■ PROBLEM ■
Here the job is to repeat the listing exactly, but not the pictures in it.
*** Opening of THE DATA ***
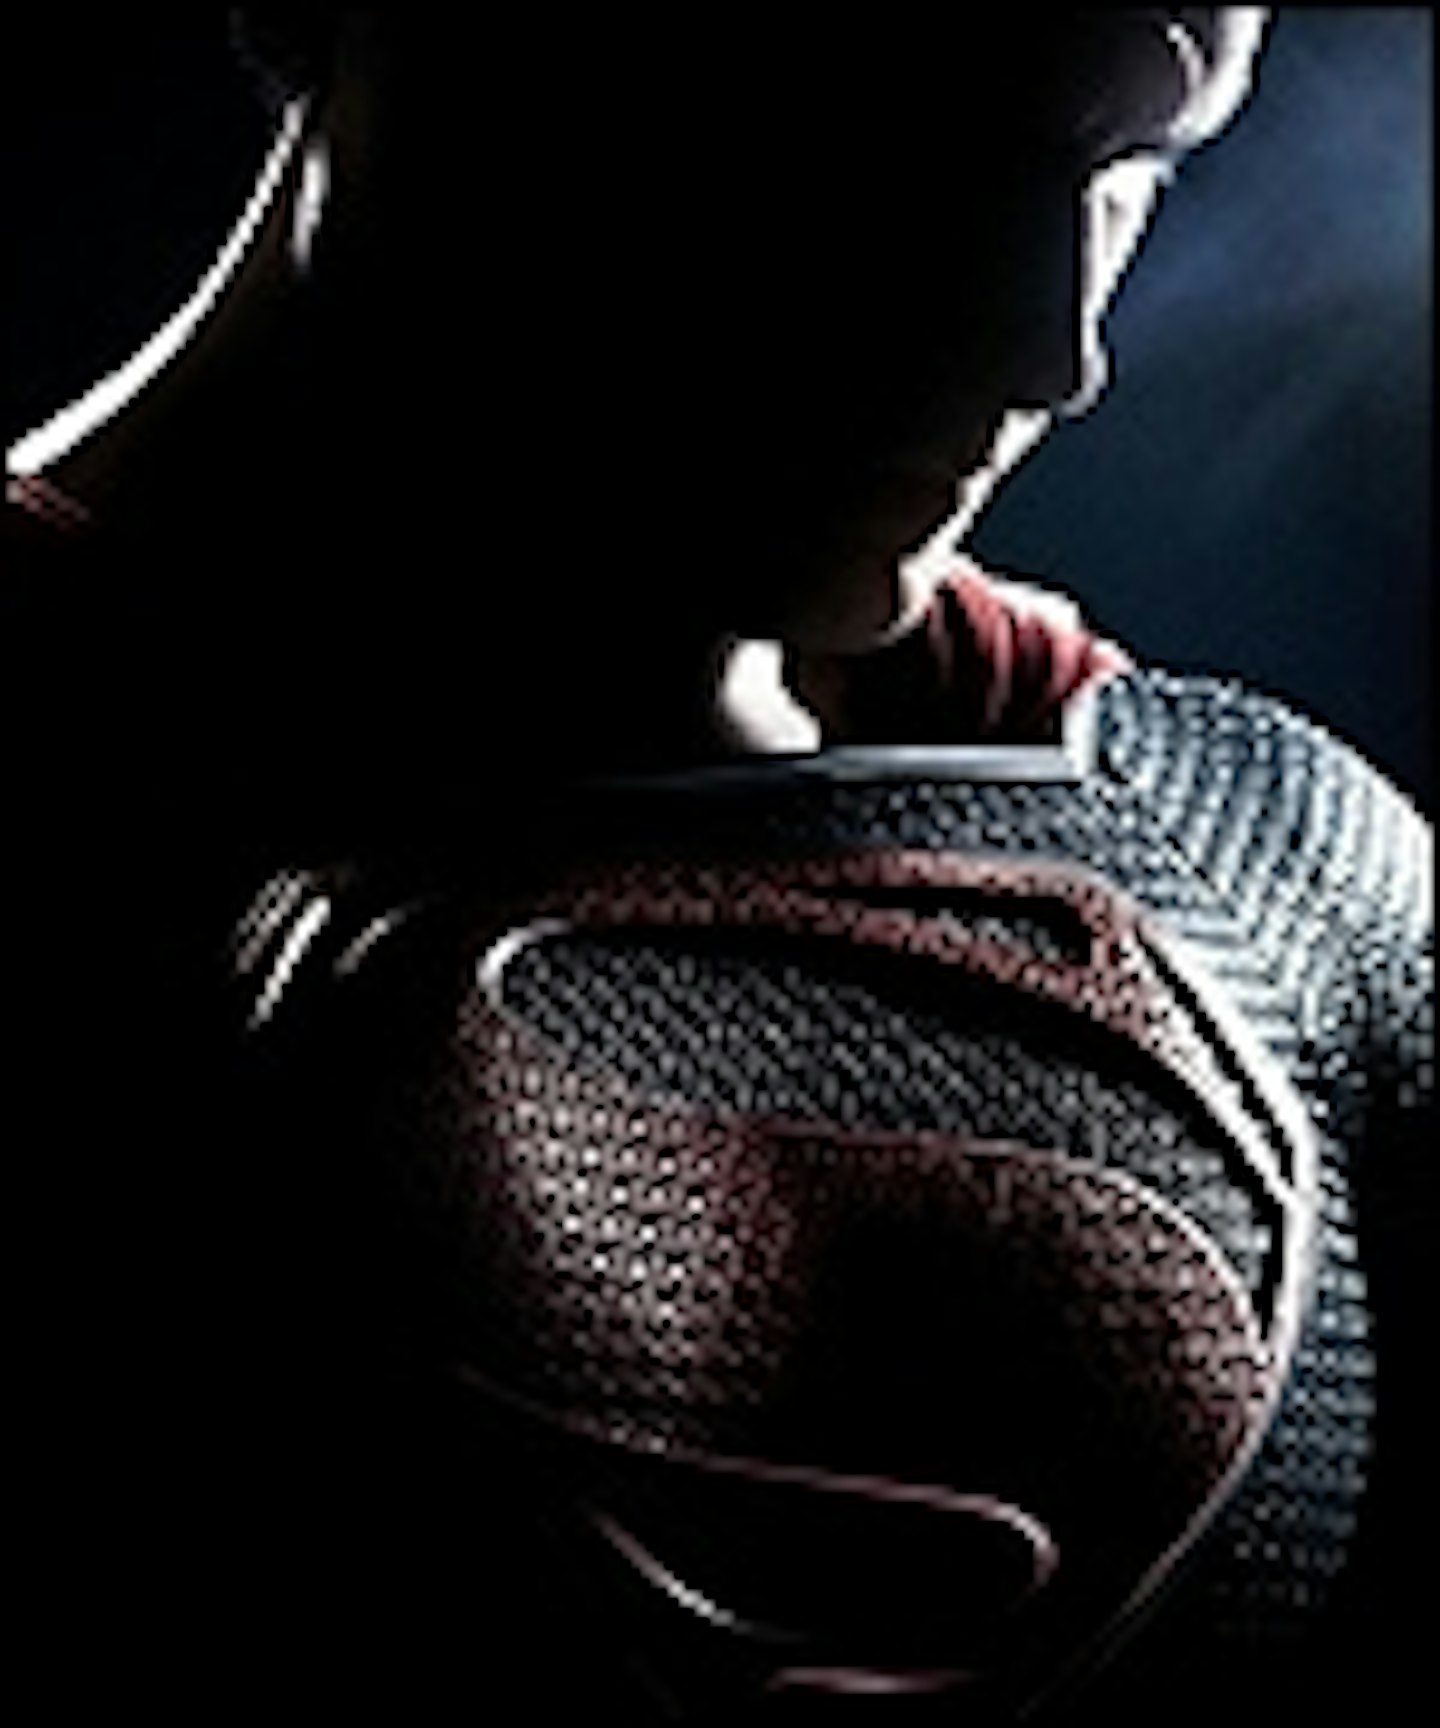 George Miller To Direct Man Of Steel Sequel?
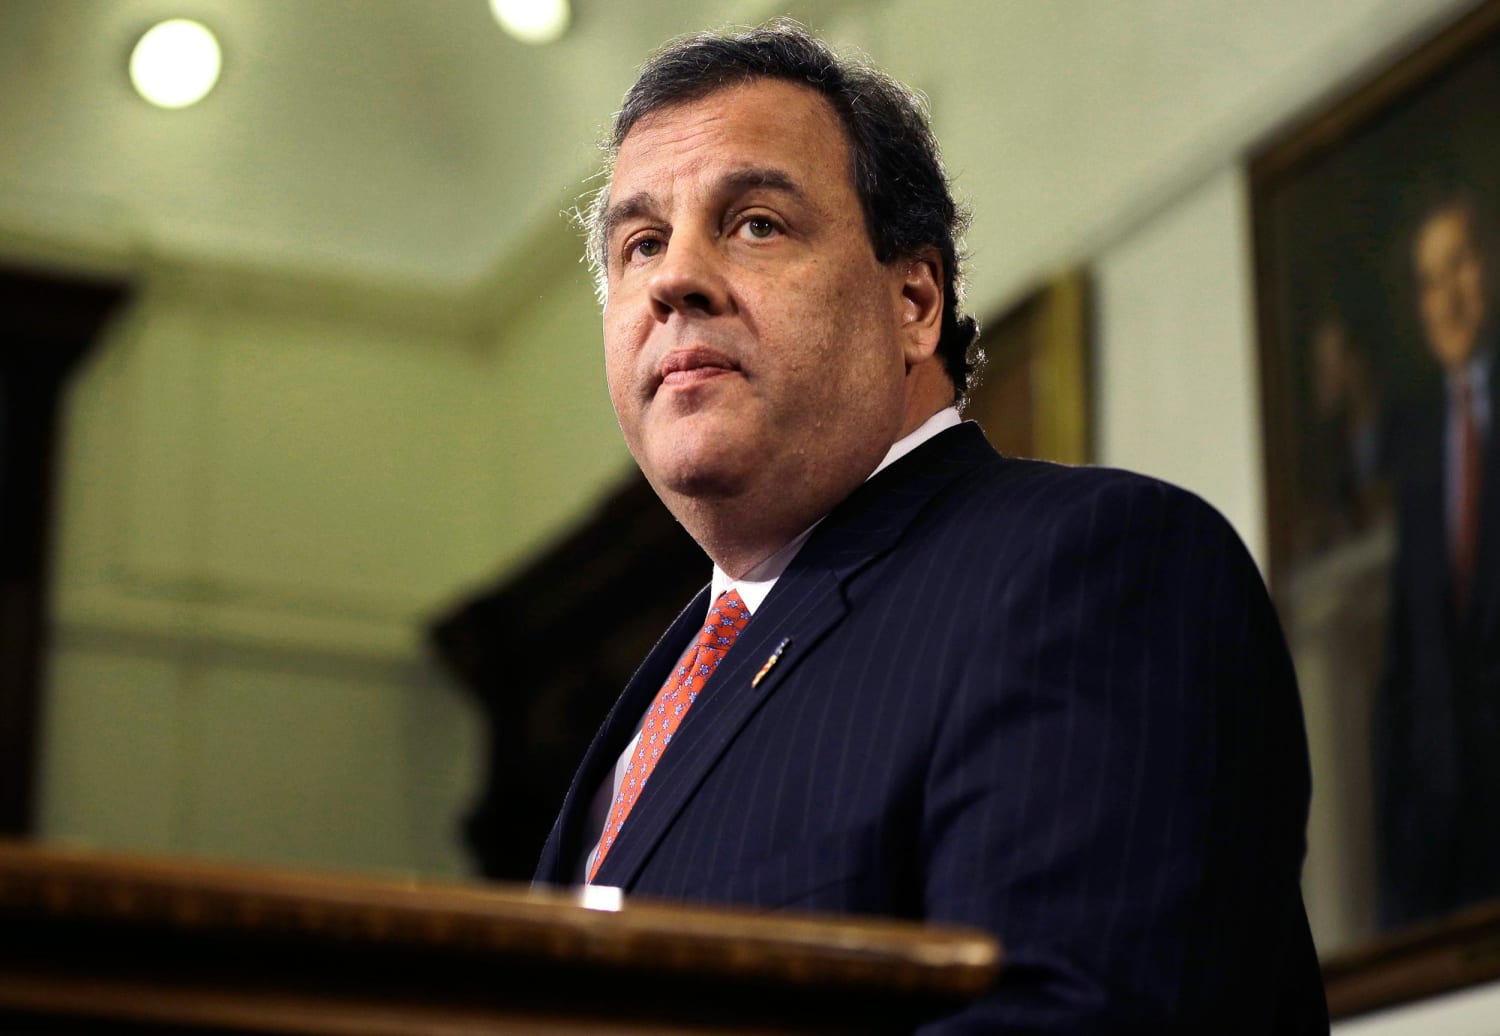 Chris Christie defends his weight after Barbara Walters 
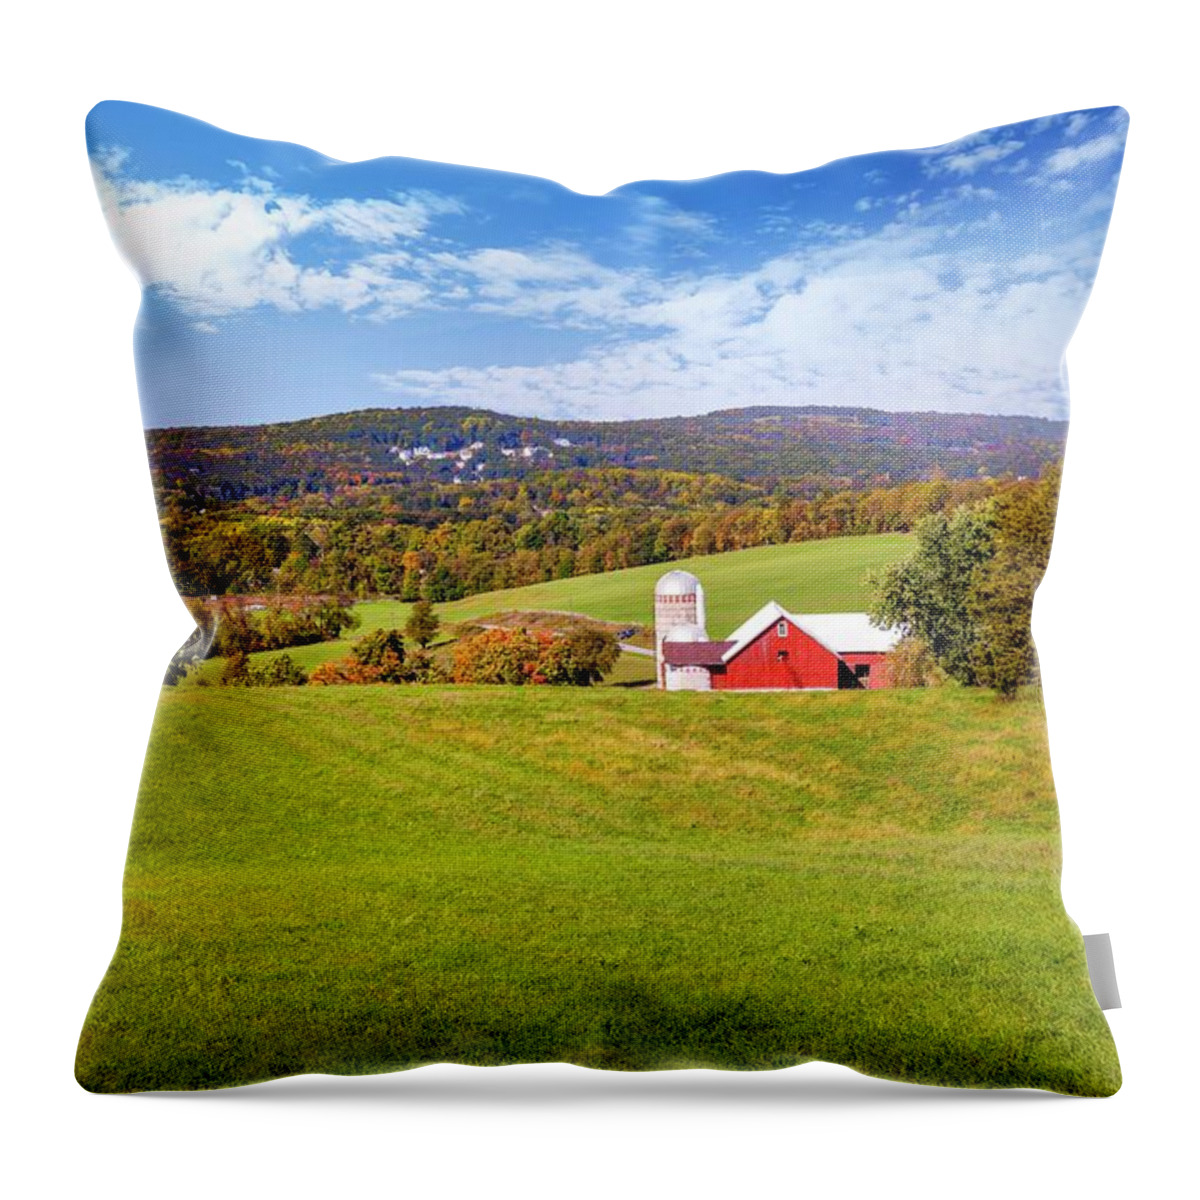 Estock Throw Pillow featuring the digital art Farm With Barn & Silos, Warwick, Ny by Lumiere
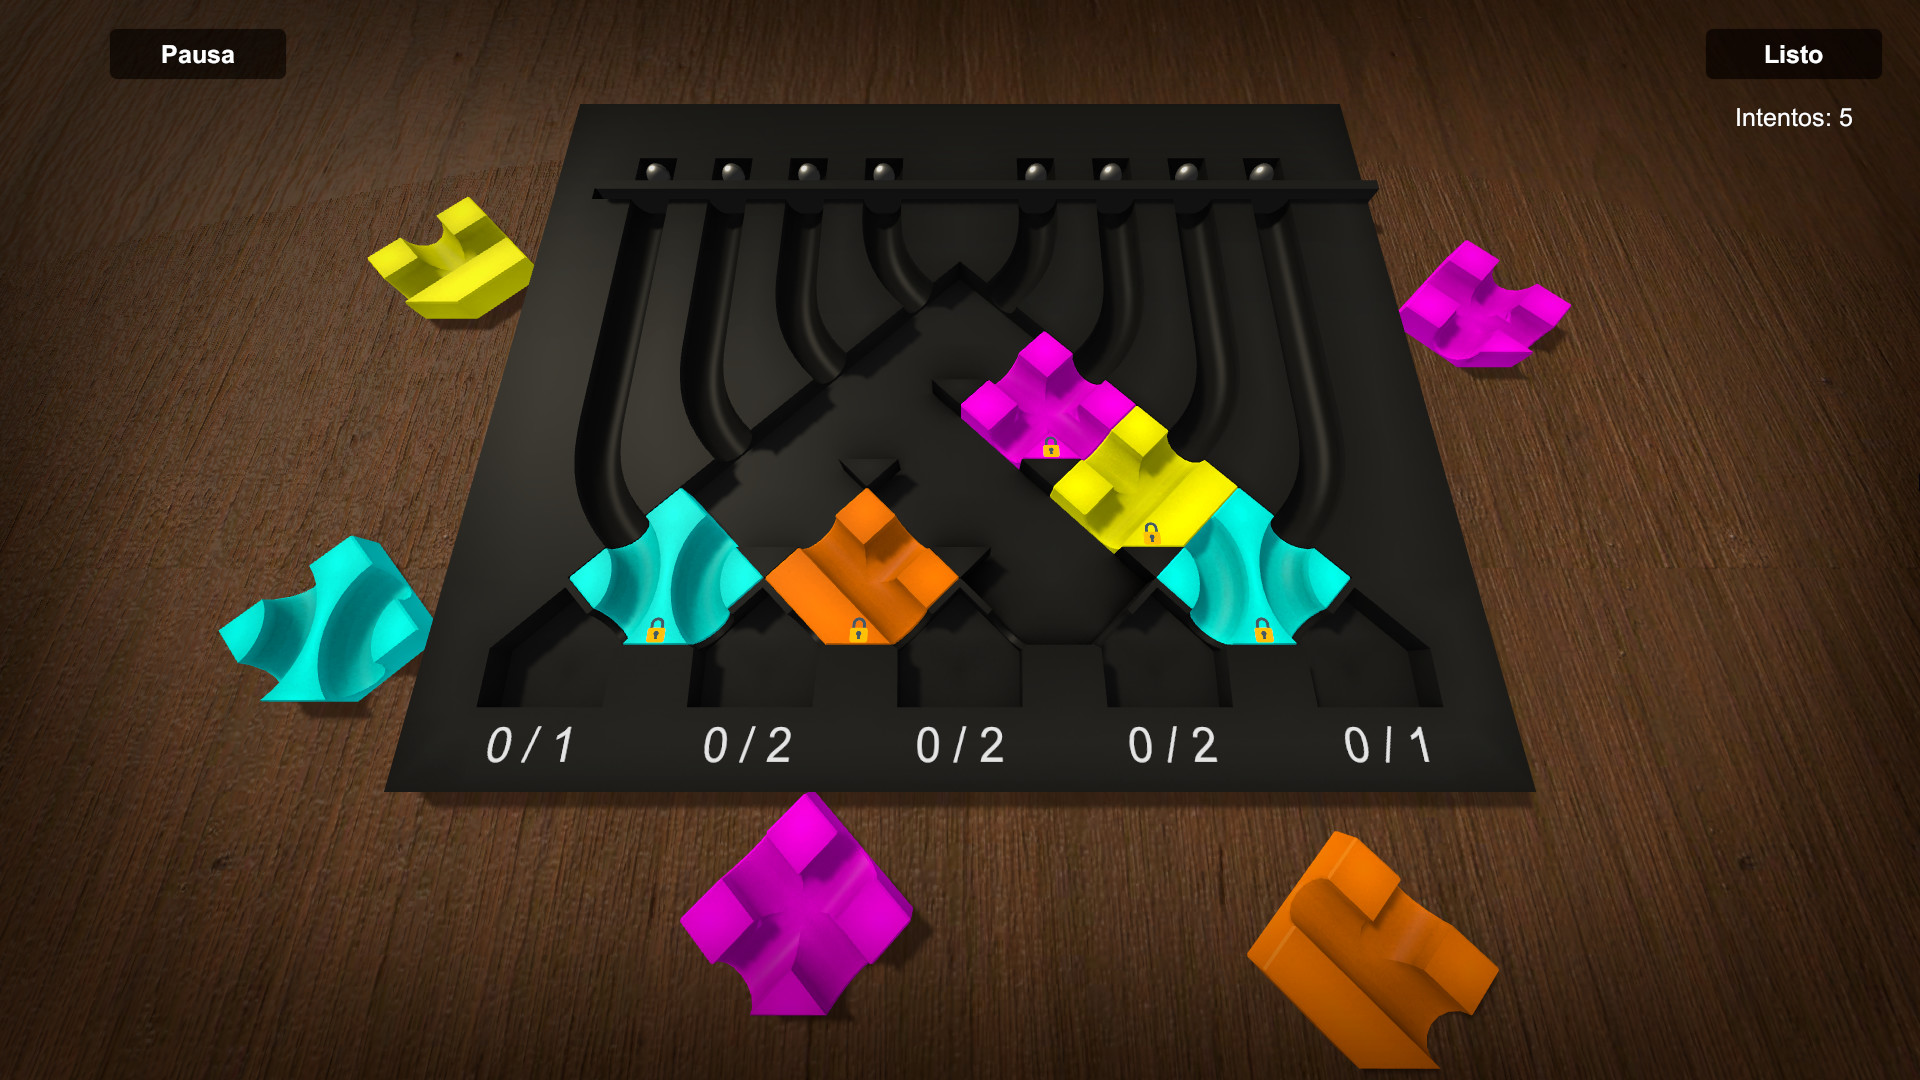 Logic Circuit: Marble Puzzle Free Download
*** Close of THE DATA ***
■ RESULT BELOW ■
 George Miller To Direct Man Of Steel Sequel?
 Chris Christie defends his weight after Barbara Walters 
 Estock Throw Pillow featuring the digital art Farm With Barn & Silos, Warwick, Ny by Lumiere
 Logic Circuit: Marble Puzzle Free Download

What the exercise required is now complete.